1: iso....film speed . most digital cameras.... even the newer dslr`s dont do well above iso 200, most dont do so well above iso 100.
2: shutter speeds vary with conditions. small handheld cameras suffer from shaky hands more that anything, a good rule of thumb is to keep the shutter speed above the focal length used. if set at 100mm zoom keep shutter at 1/100. 200mm zoom keep above 1/200. etc etc. if unavoidable try a rest or ideally a tripod.
3: clean the lens, yes i have seen it many times some greasy kids paw print smack dab in the middle of the lens, a good way to acheive a soft focus look. :G
4: i dont shoot in raw, but i keep it in the fine to superfine with large file settings. id always have room for around 60 or 70 pics with a 128 cf card
5: i prefer using the evaluative metering as opposed to spot or center weighted in average shooting conditions.
6: i dont like continuous focus, i prefer single mode focus for more precise subject to subject focus lock. i think the canon will allow pictures taken in cont mode without a focus lock. you may want to verify that...
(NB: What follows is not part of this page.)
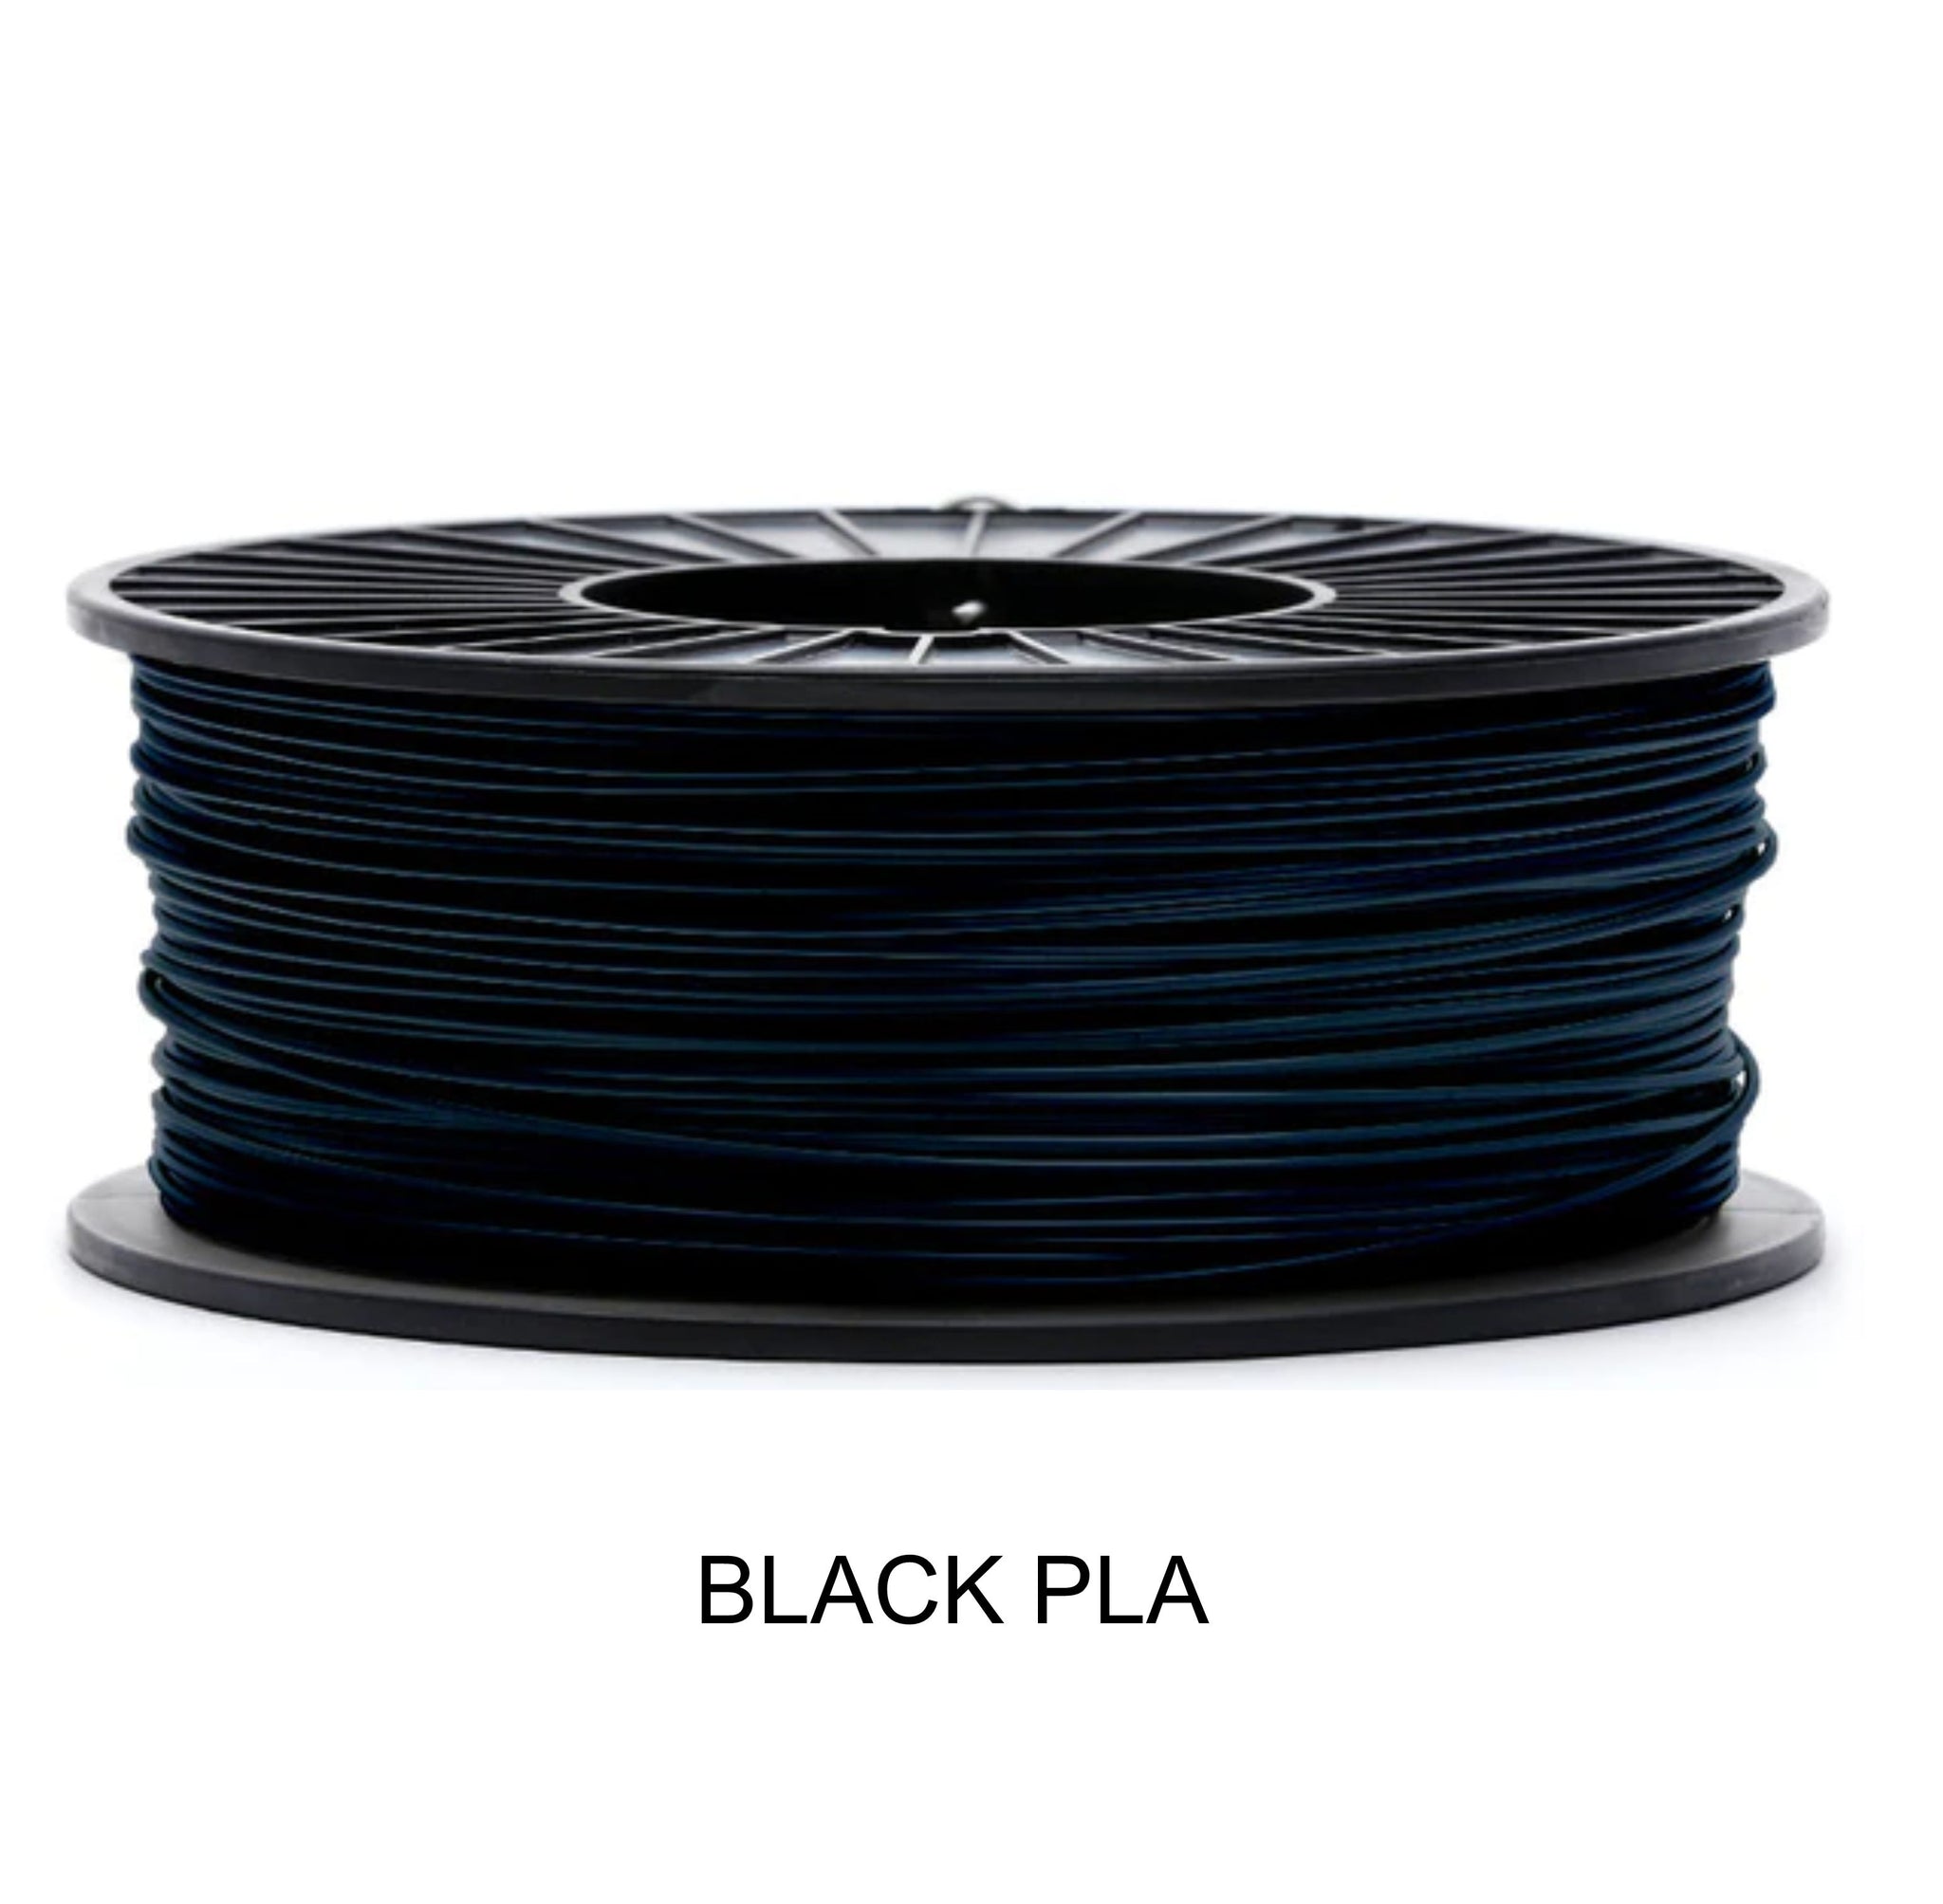 Black PLA - COEX 3D

7: id avoid aftermarket lens adapters. wide and tele, there not built to the same standards and might cause problems with autofocus, as can some filters. i never used filters on mine and its AF was always good, like all AF its not foolproof. you do need to be able to put the focus brackets on subject let it lock . hold the lock and compose and shoot.
8: shut off digital zoom. it only gives you a degraded image.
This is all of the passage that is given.